Recorded data>
▬▬▬▬▬▬▬▬▬▬

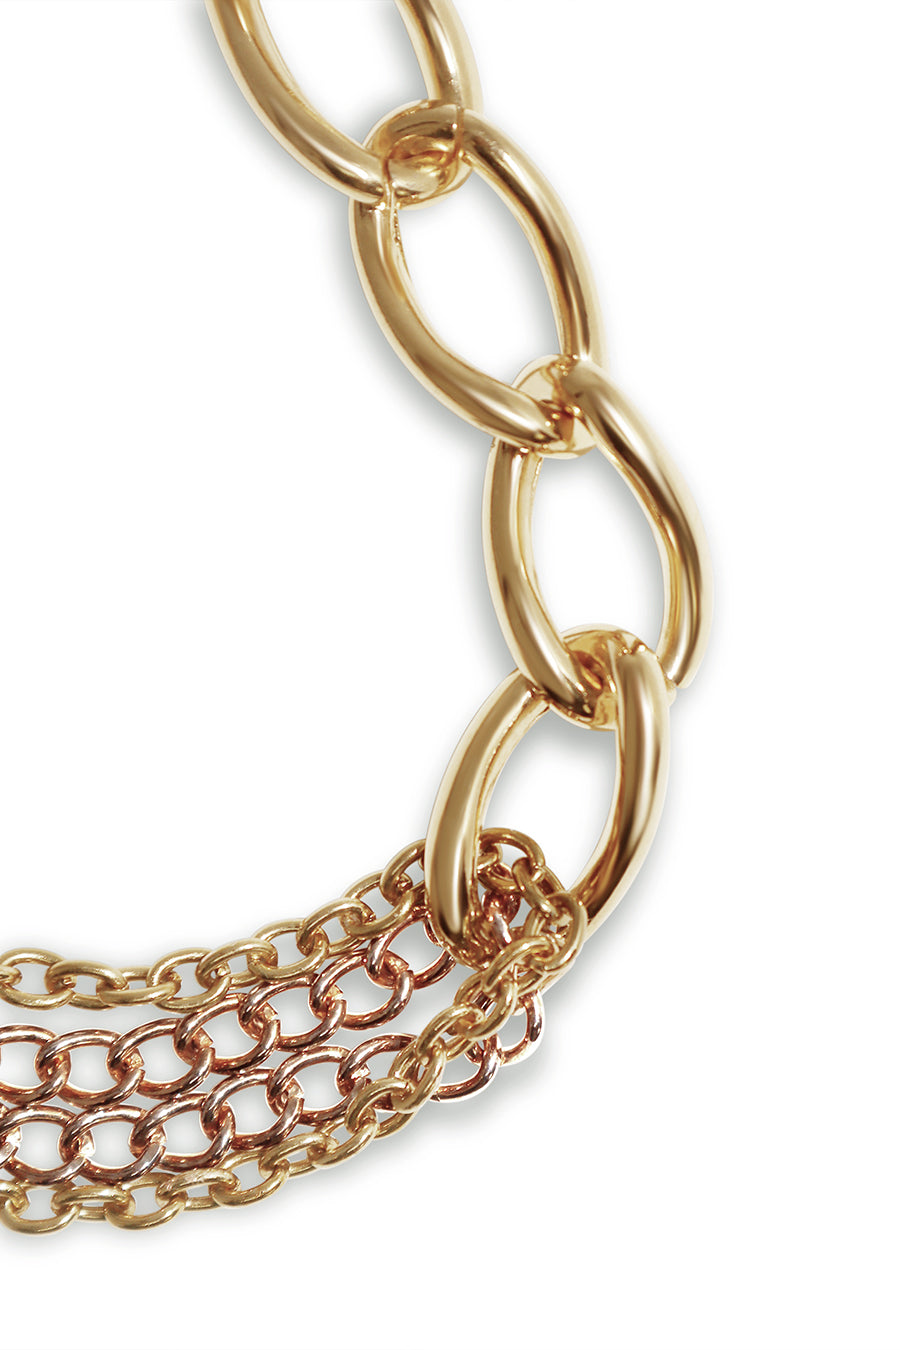 IK Plated Gold Chain - Men close view
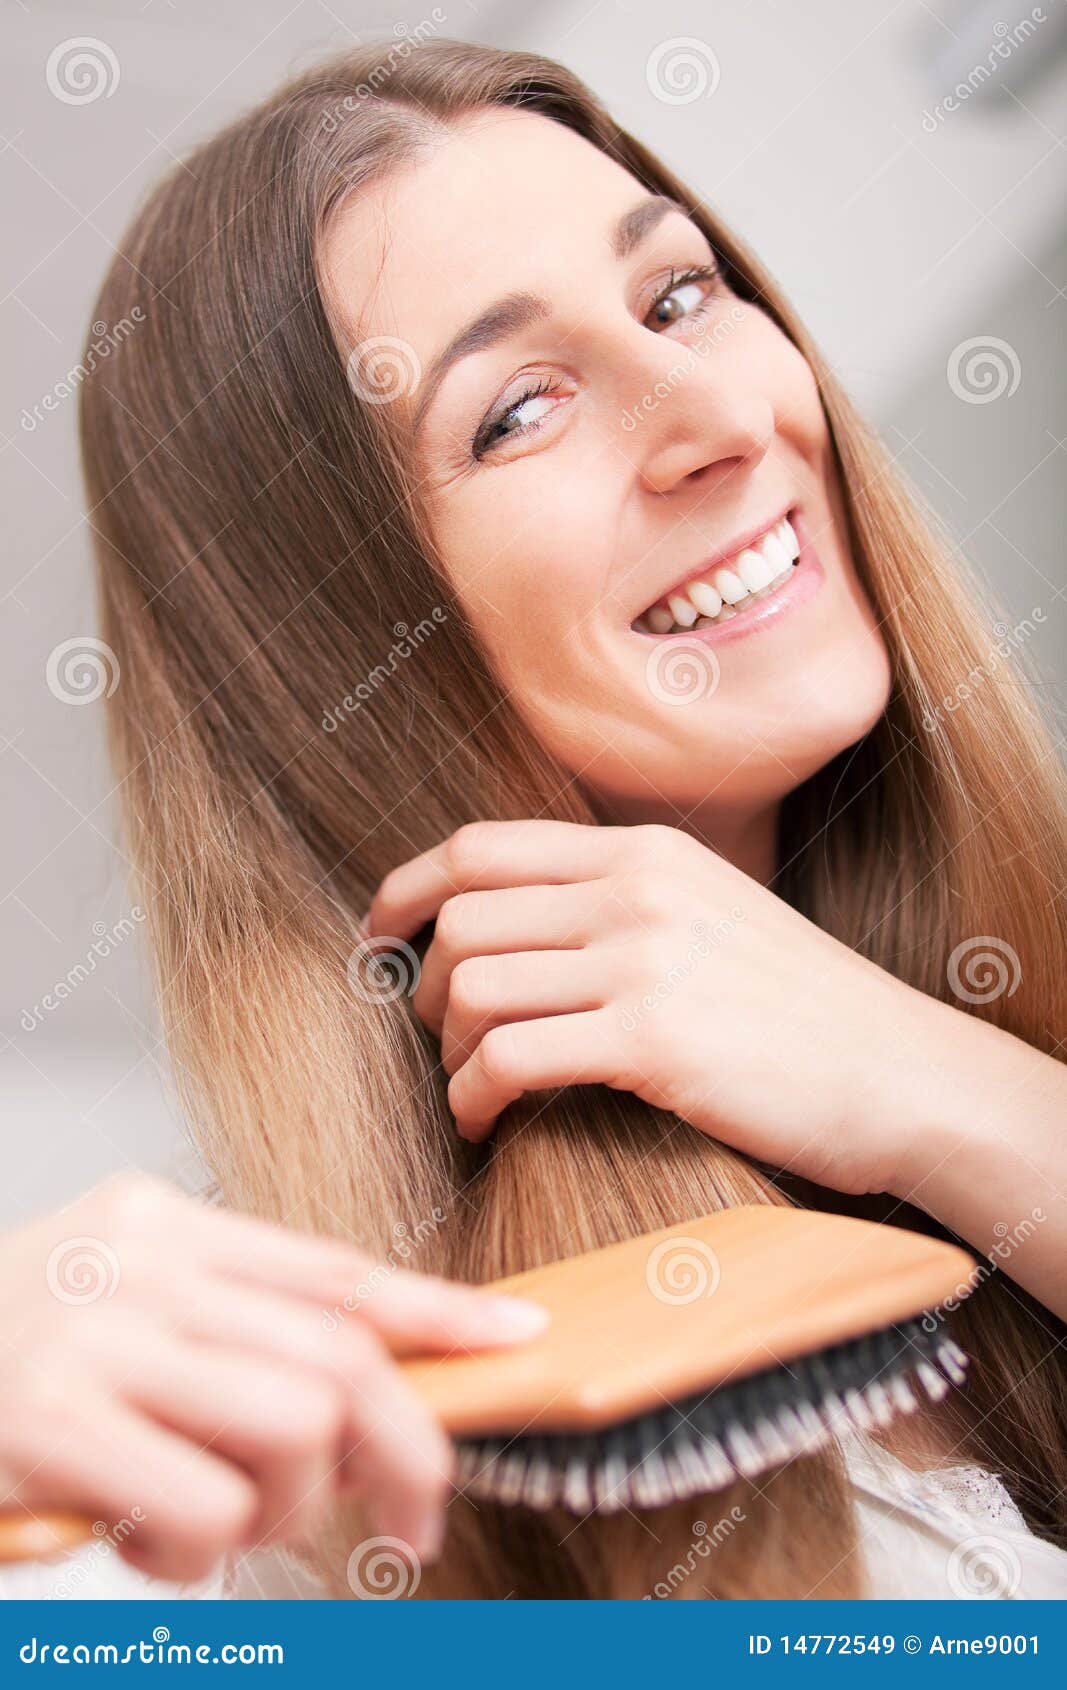 Young Woman Brushing Her Hair St
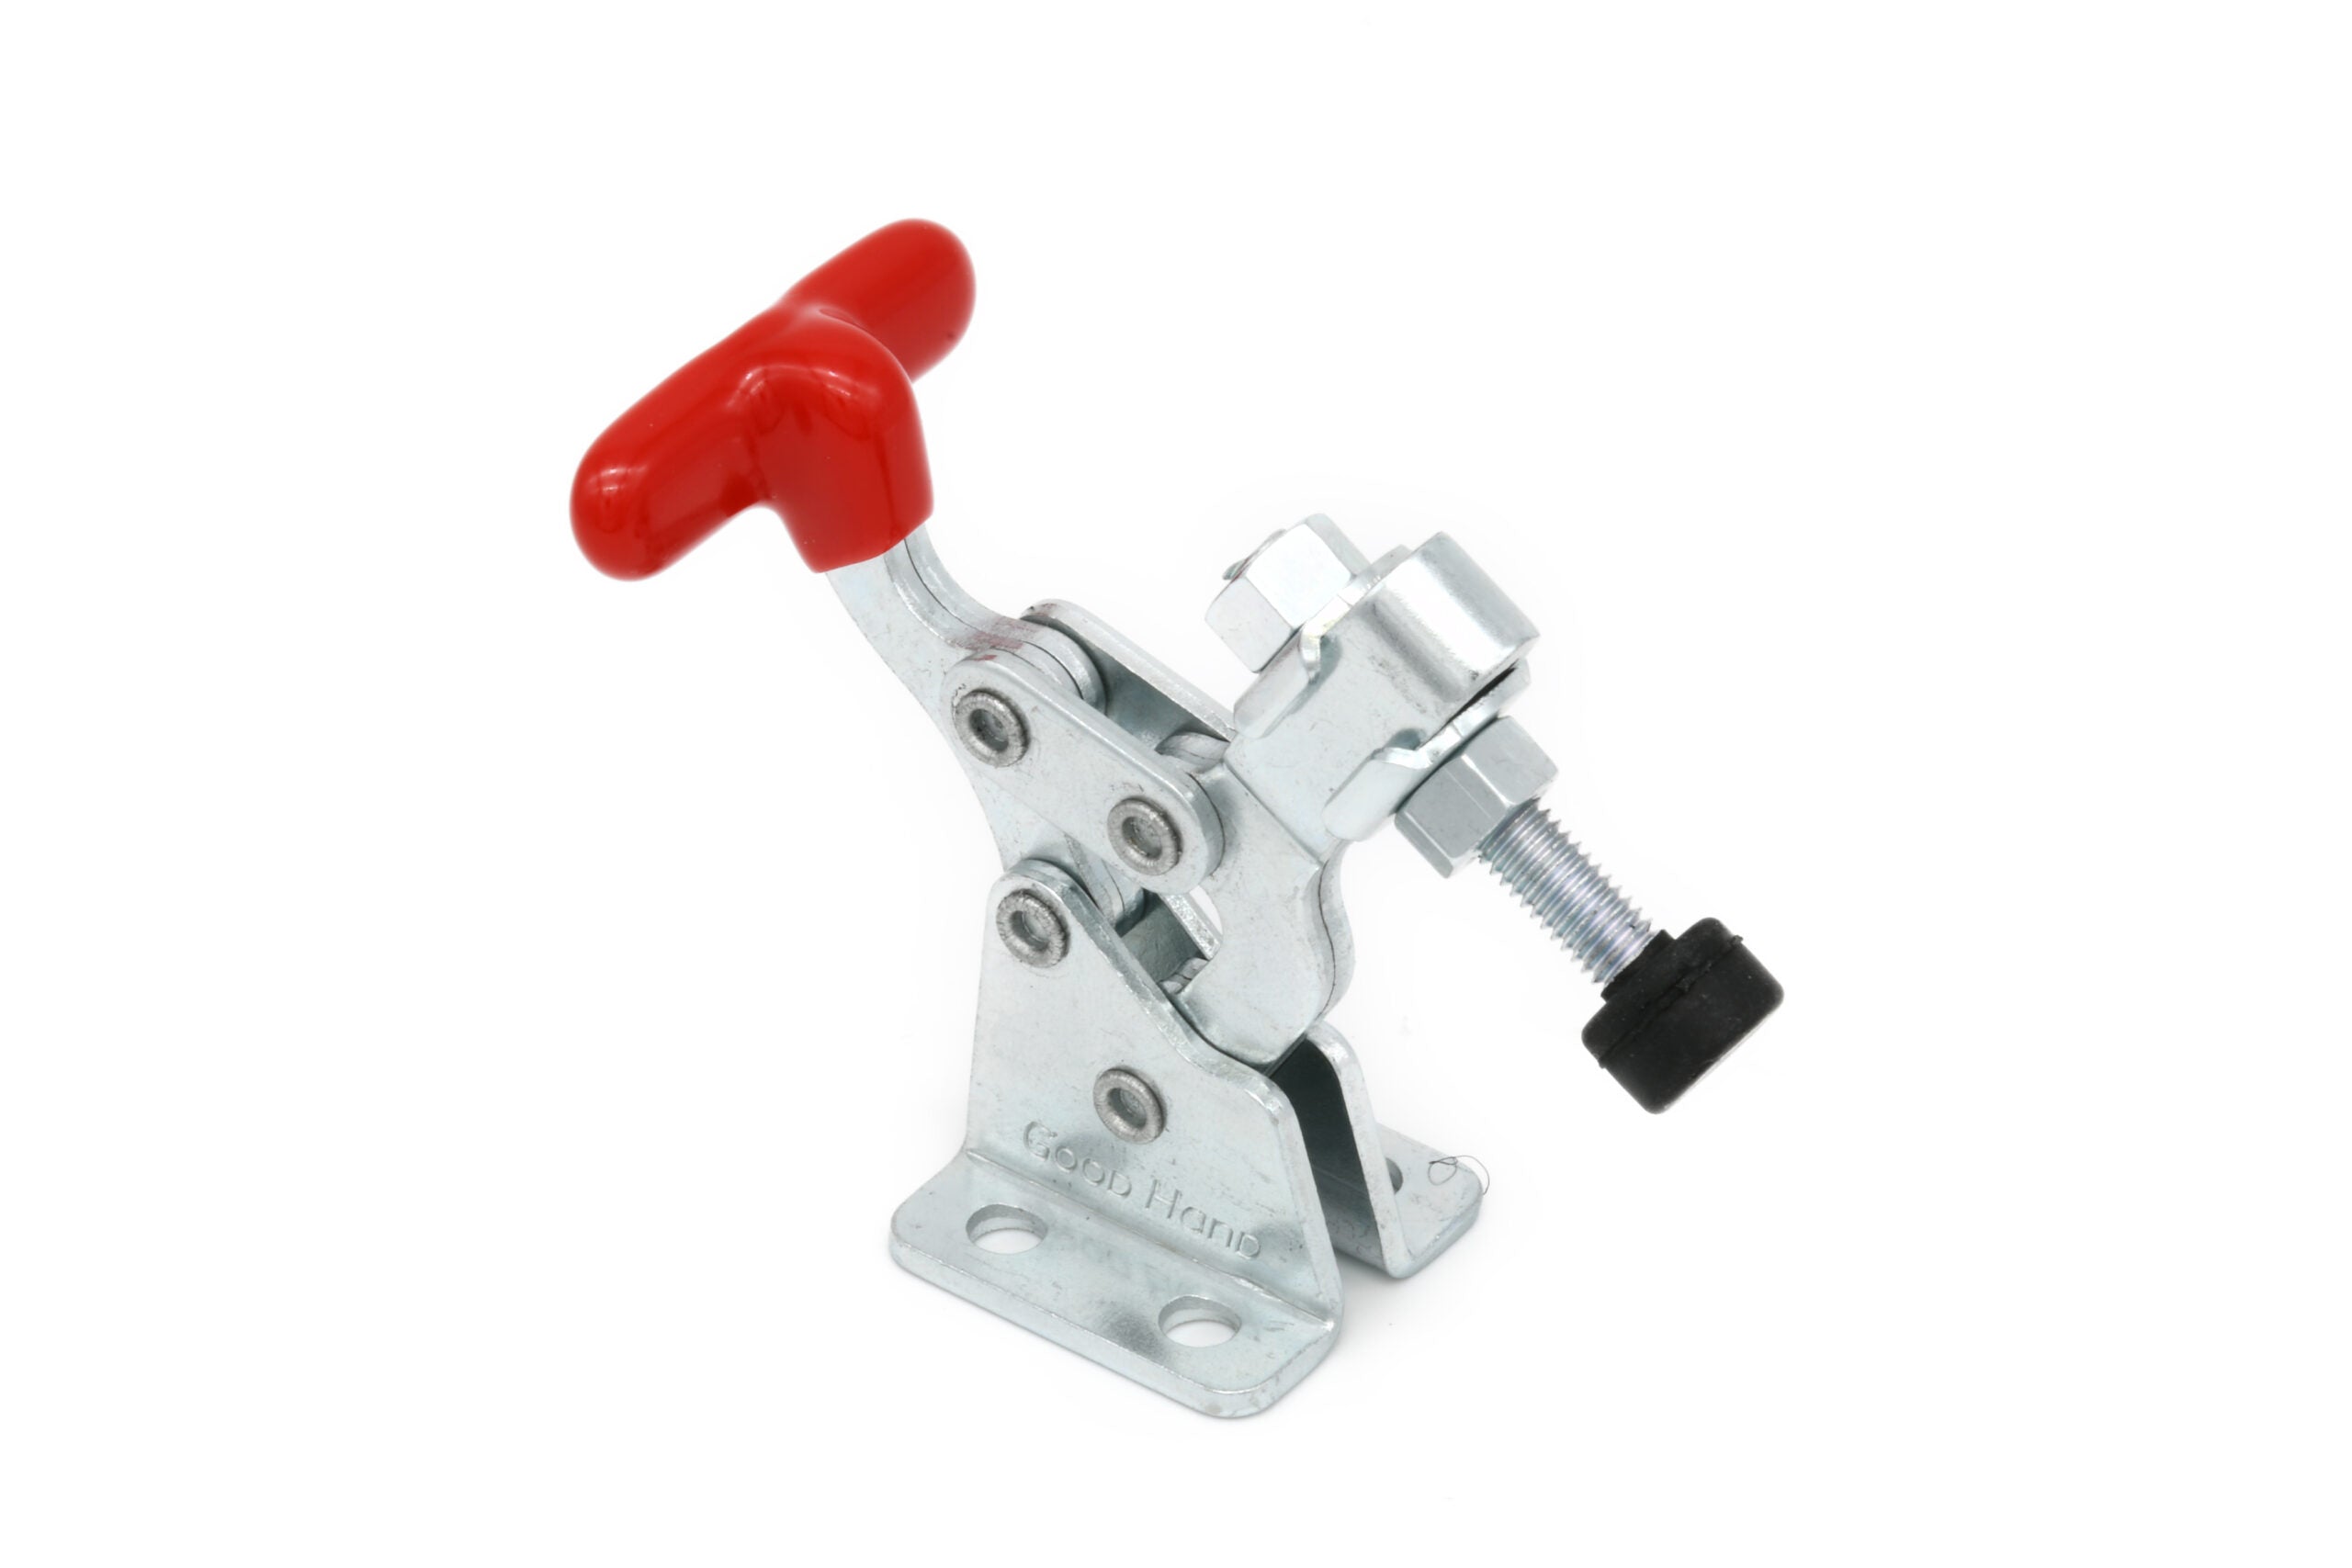 Planet Low Profile Toggle Clamp 68kg

▬▬▬▬▬▬▬▬▬▬

What you have to do>
What you return should be only the lines from the line with "Young Woman Brushing Her Hair St" through the last line of the listing above, exactly, both ends included, pictures excluded.

Written response>
 Young Woman Brushing Her Hair St
 Planet Low Profile Toggle Clamp 68kg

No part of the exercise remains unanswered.